To read more about the key takeaways from the inaugural convention, visit University of Florida’s blog here.

What’s Happening in AI Tech Right Now at Southeastern Universities?

Universities have begun to take the next steps toward creating a harmonious industry between AI and agriculture with new tools on the rise.

One such new AI tool, Agroview, was invented by UF/IFAS agricultural engineer Yiannis Ampatzidis with the purpose of providing data for growers such as tree canopy size and height and the number of trees on their farm.

AgroSense, another AI technology coined by Ampatzidis, programs tree-crop sprayers to shower pesticide on specific areas including existing trees and excluding poles, pumps and dead trees.

The University of Alabama is embracing AI technology as well with professor of engineering Hamid Moradkhani’s use of machine learning to help create a clearer relationship between tropical storms and agricultural damage.

Multiple universities are taking the plunge to dedicate funds and resources to AI. Mississippi State University scientists were granted a $500,000 federal grant and the University of Florida recently announced the creation of their Artificial Intelligence Academic Initiative Center located on campus, as well as their plan to hire over 100 AI faculty in 2022, said UF associate dean for research Damian Adams. 
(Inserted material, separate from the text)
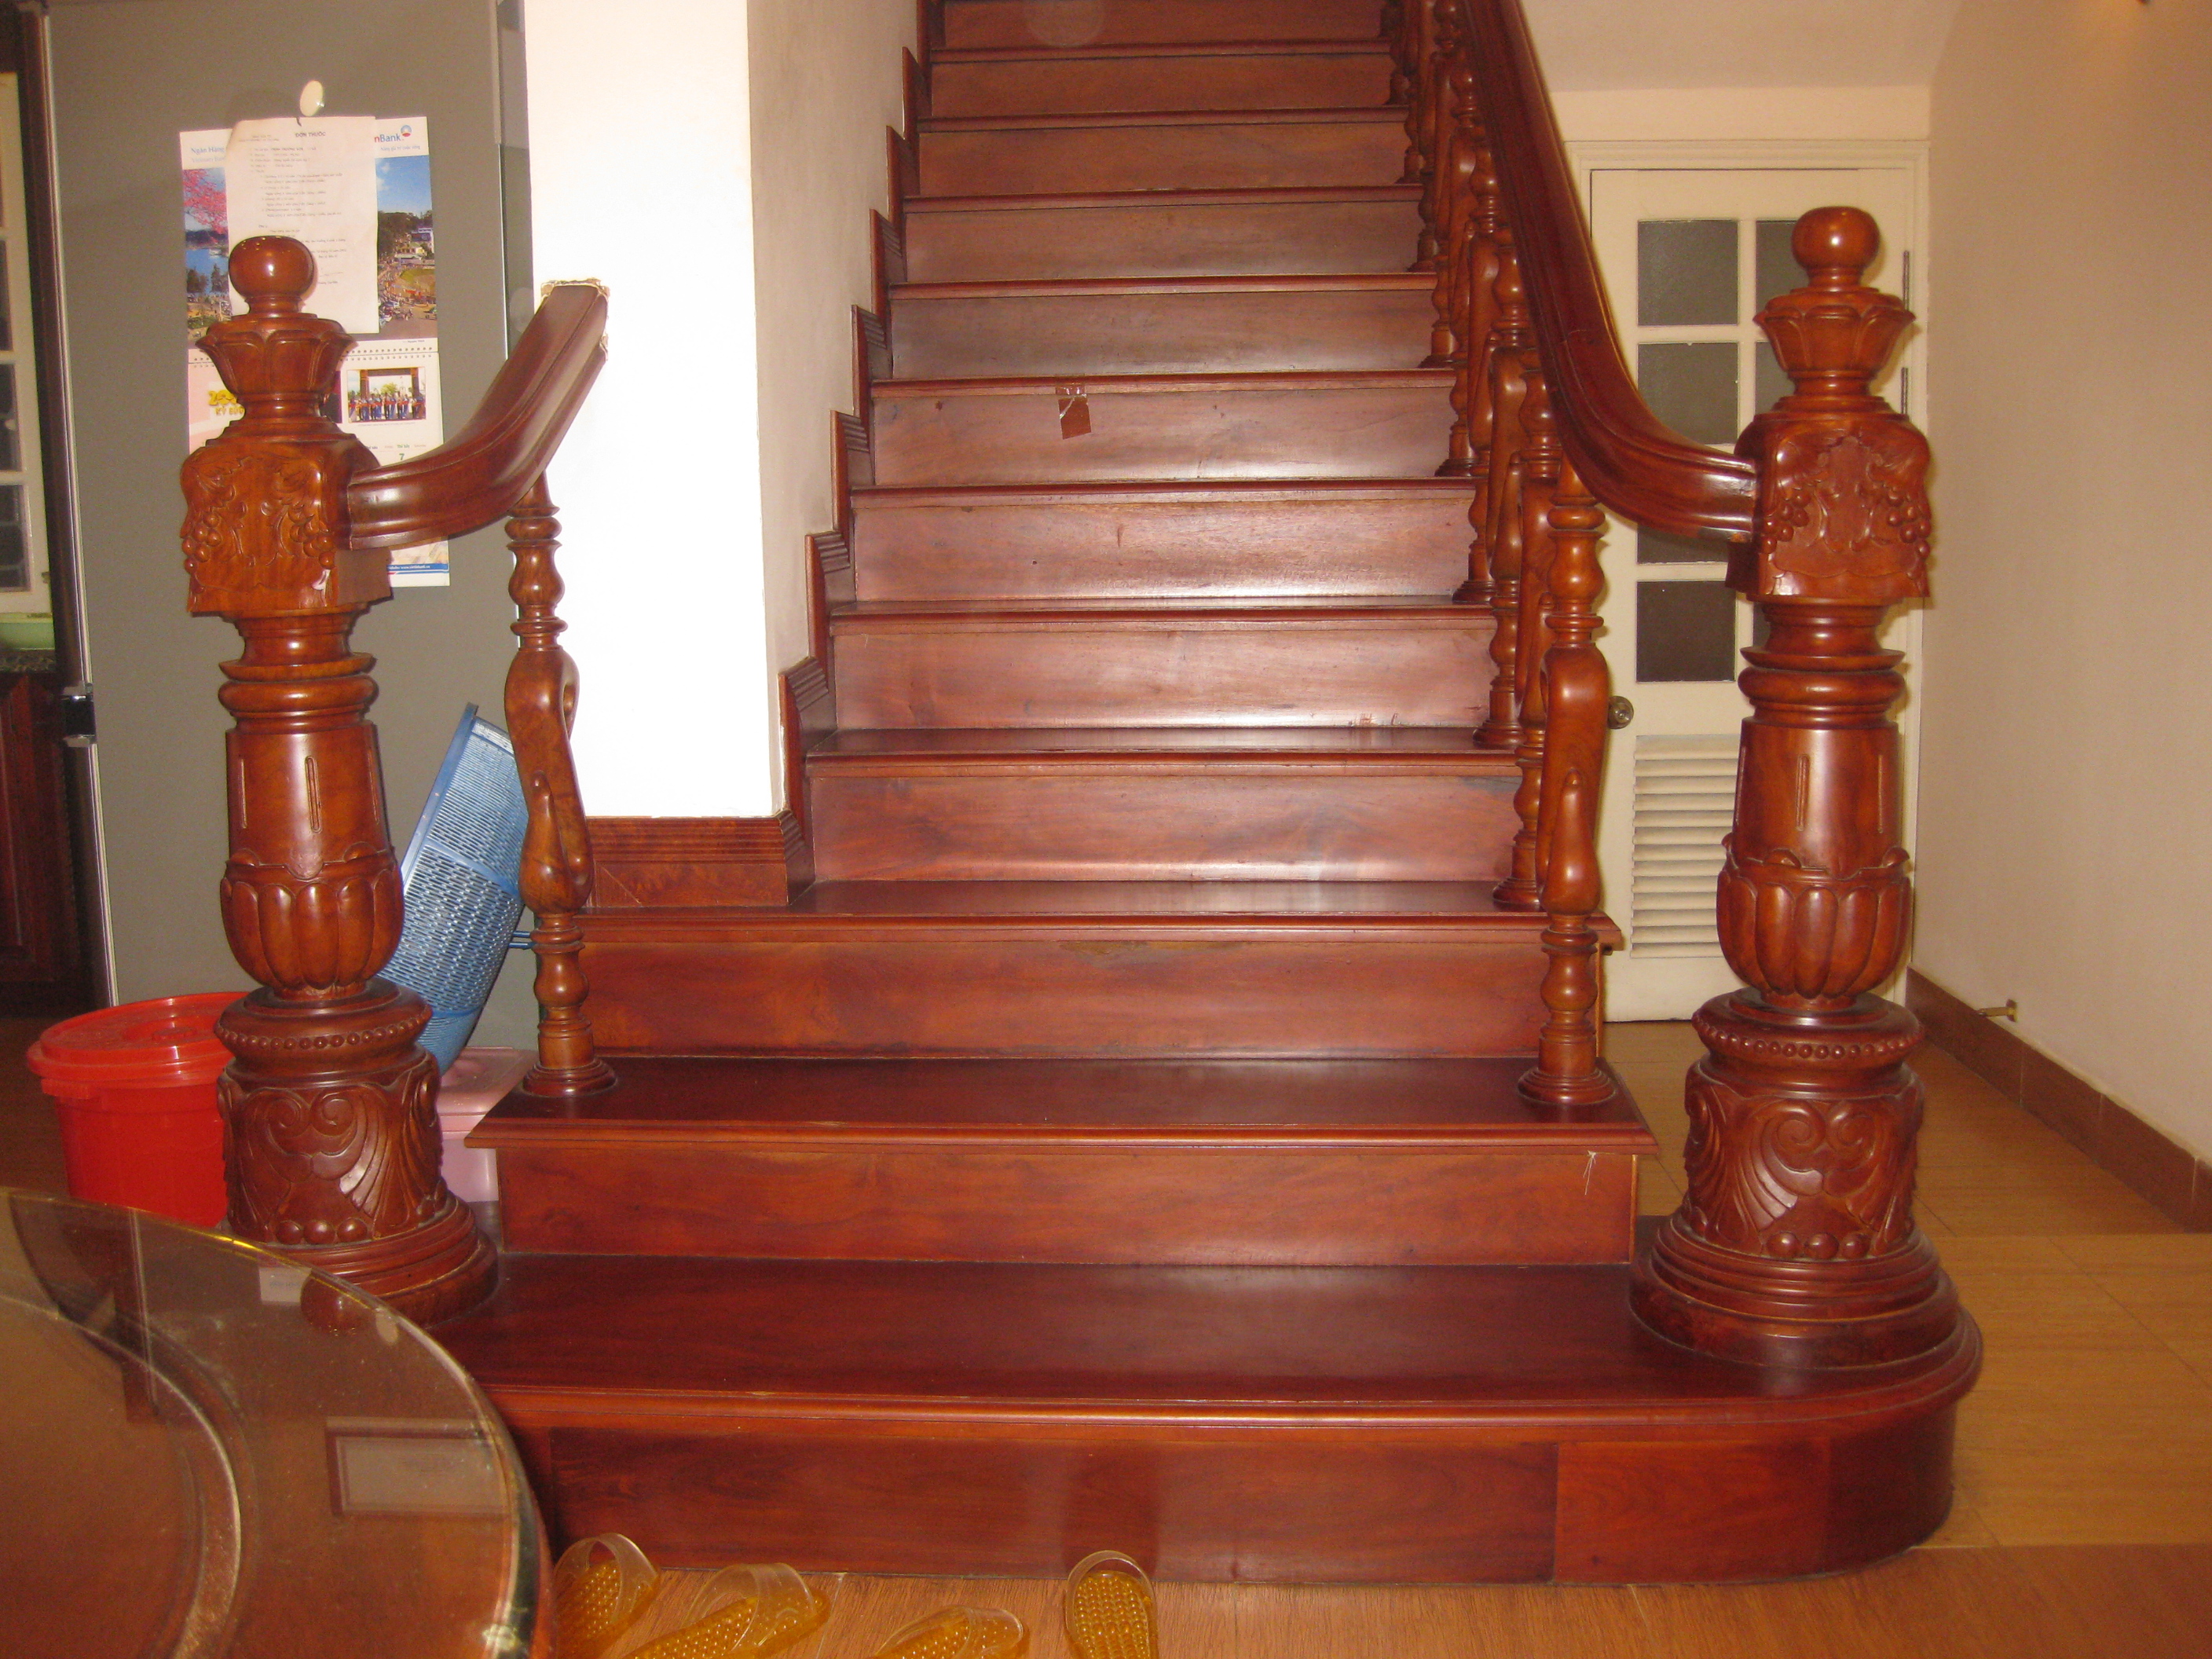 Tổng hợp các mẫu cầu thang gỗ đẹp nhất dành cho ngôi nhà của bạn - [Kích thước hình ảnh: 2816x2112 px]

“We have a tremendous mechanism for joining hands in AI research across the southeast. We’re stronger as a whole. I think we’re heading in the right direction just by being here at this conference” Adams explained.

University of Florida was also gifted HiPerGator, a supercomputer said to be one of the quickest in the world, by Chris Malachowsky and NVIDIA.

“AI and data science are changing the way we think about small tasks and big questions” stated Dr. Joseph Glover, Provost and Senior Vice President for Academic Affairs at the University of Florida.